«135.000 recrutements ont eu lieu en Tunisie depuis 2011 dont 88.000 postes au sein des administrations centrales et les autres dans les différents établissements publics». C’est ce qu’a affirmé, récemment sur Cap FM, Hafedh Ateb, spécialiste en analyse numérique, expert en emploi, formation et enseignement et expert auprès de l’Institut des études stratégiques.
Les 88.000 recrutements fatidiques ont eu lieu sous le règne de la Troïka. Ces nominations n’ont pas été révisées par les gouvernements qui leur ont succédé.
L’Administration tunisienne a été minée par ces nominations ou désignations déraisonnables car elles ont concerné des personnes qui ont été écartées de la fonction publique pendant des années ou qui n’y ont jamais travaillé en se basant sur deux critères: l’âge et l’ancienneté du diplôme. Ce qui revient à dire qu’un diplômé en ingénierie en 1985 occuperait le même poste qu’un diplômé des années 2010/11/12 ou 13. Il n’est pas à la page, il pourrait même n’avoir jamais été formé aux nouvelles technologies, industries ou techniques du marketing. Mais la politique a des raisons que la raison ne connaît pas et l’allégeance a supplanté la compétence. Ainsi, les compétences, affirme M. Ateb, ont été écartées ou «congelées» et des inconnus ont pris leurs places ou encore des «retourneurs» de veste, opportunistes habitués à courber l’échine et à s’adapter au contexte suivant leurs intérêts.
Inefficacité absolue…
Tous ces recrutements ne garantissent ni l’efficience de l’administration ni la préservation de ses compétences, dont une partie, écartée, est presque inactive tout en profitant des salaires et indemnités de fonctions.

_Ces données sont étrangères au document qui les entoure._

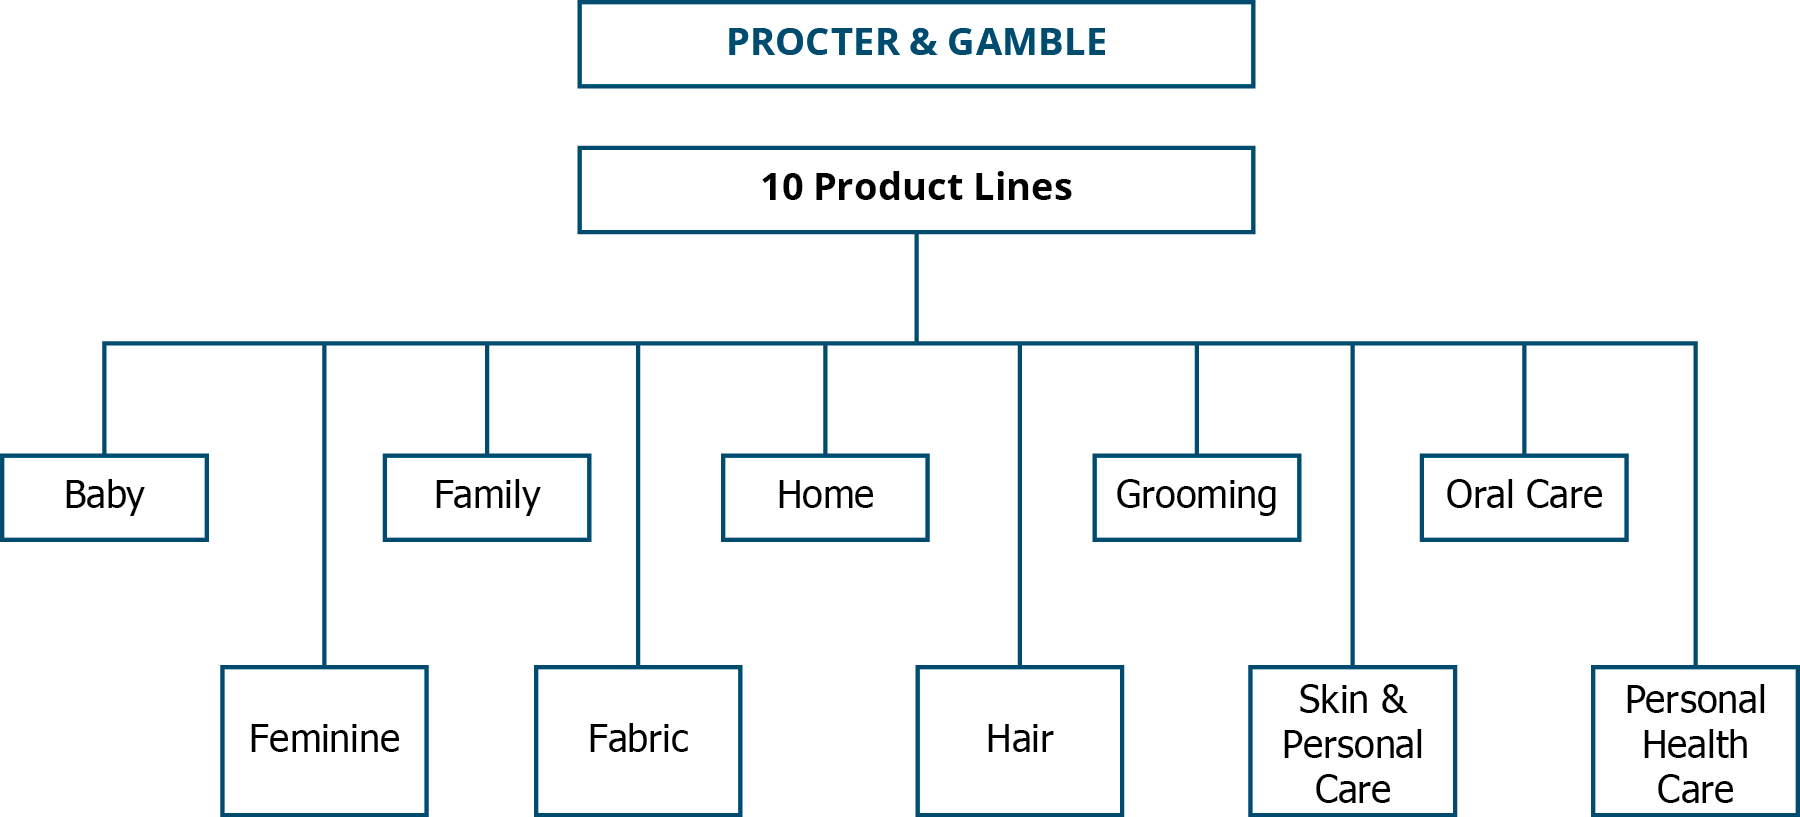 مخطط تنظيمي لشركة Procter & Gamble يوضح خطوط الإنتاج العشرة: الطفل، والأنثى، والأسرة، والنسيج، والمنزل، والشعر، والعناية الشخصية، والبشرة والعناية الشخصية، والعناية بالفم، والرعاية الصحية الشخصية.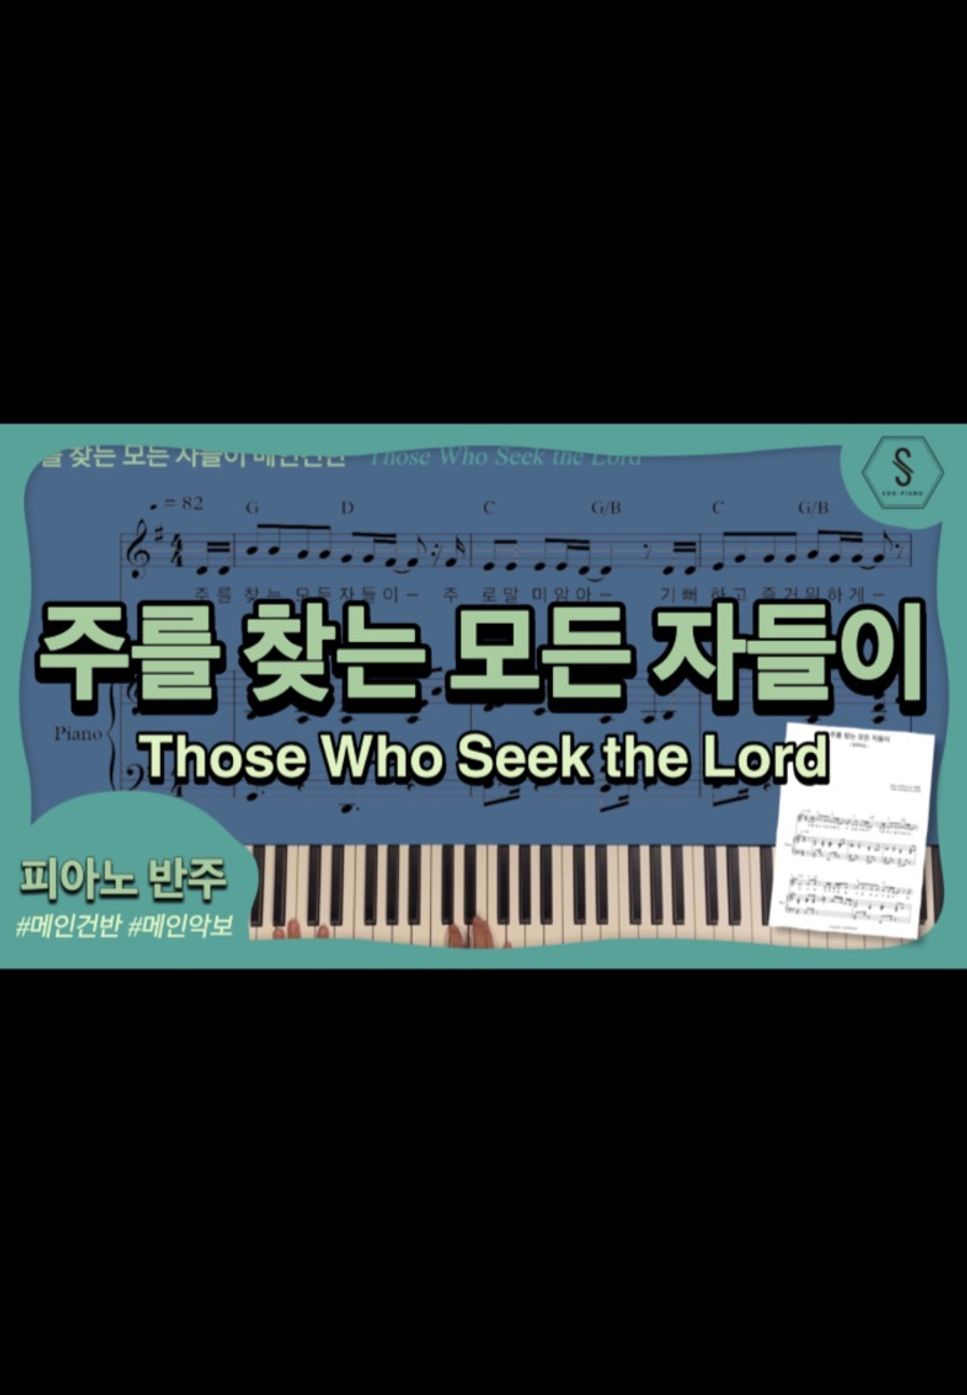 이준행 - Those Who Seek the Lord (piano ver) by SOOPIANO

Pire, on ne peut même pas comptabiliser les fonds consacrés à des associations ayant, prétendument, pour mission d’employer des jeunes dont ceux servant au mécanisme 16, assure M. Ateb. «J’ai dénombré un grand nombre de ces associations dispersées sur tout le sol national dont une à Gafsa, religieuse et caritative».
Le mauvais exemple…
Le ministère de l’Emploi n’aurait pas été le meilleur exemple en matière d’usage des deniers publics pendant l’ère de la Troïka. A ce jour aucune enquête ou investigation n’a été ouverte pour évaluer l’impact des fonds alloués aux associations et le nombre d’emplois créés sans parler des travailleurs dans le domaine environnemental opérant dans des entreprises situées dans les villes du bassin minier, à Gabès, Sidi Bouzid et à Sfax. Des travailleurs payés pour un environnement très mal entretenu et qui sont pourtant passés du stade de contractuels à celui de titulaires. Une décision qui a mis fin à une situation de précarité qui les a pendant longtemps fragilisés mais qui appelle aussi en retour qu’ils travaillent réellement et qu’ils ne s’installent pas dans le confort des salaires des smigards en se la coulant douce chez eux.
Les cinq dernières années et surtout celle de la Troïka ont été un séisme pour l’Administration tunisienne qui a perdu définitivement son indépendance, sa neutralité et surtout ses compétences.
Des solutions? Difficile, affirme Hafedh Ateb, car il va falloir des décisions politiques très courageuses pour déminer l’Administration mais surtout pour la doter des compétences nécessaires qui pourraient pallier aux insuffisances des «parachutés déconnectés» et nommés sur la base de l’allégeance à un parti.
Quid de la pression du syndicat?
Il s’est gardé de dire qu’il y en a aussi qui ont été nommés sous la pression des syndicats ce qui est grave car les syndicats sont censés préserver les intérêts de tous les travailleurs sans aucune distinction entre eux, mais là, c’est une autre histoire.
L’Administration souffre d’une autre tare suite aux milliers de nominations qu’elle a subies: celle des surplus des personnels dans certains départements et de l’insuffisance des effectifs dans d’autres: «Je peux vous assurer que personne ne réussira à les faire changer de place, l’indiscipline est devenue de mise».
Il n’y a qu’une réponse à l’indiscipline, c’est l’application de la loi et une volonté politique pour l’appliquer. Il revient au chef du gouvernement et à ses ministres de faire régner l’ordre dans leurs différents départements et surtout d’assainir une administration qui peut être nocive pour le développement socioéconomique du pays. Aucune chance pour une relance des investissements et un rétablissement de la confiance entre les contribuables et leur administration sans que la loi ne reprenne sa place et sa suprématie.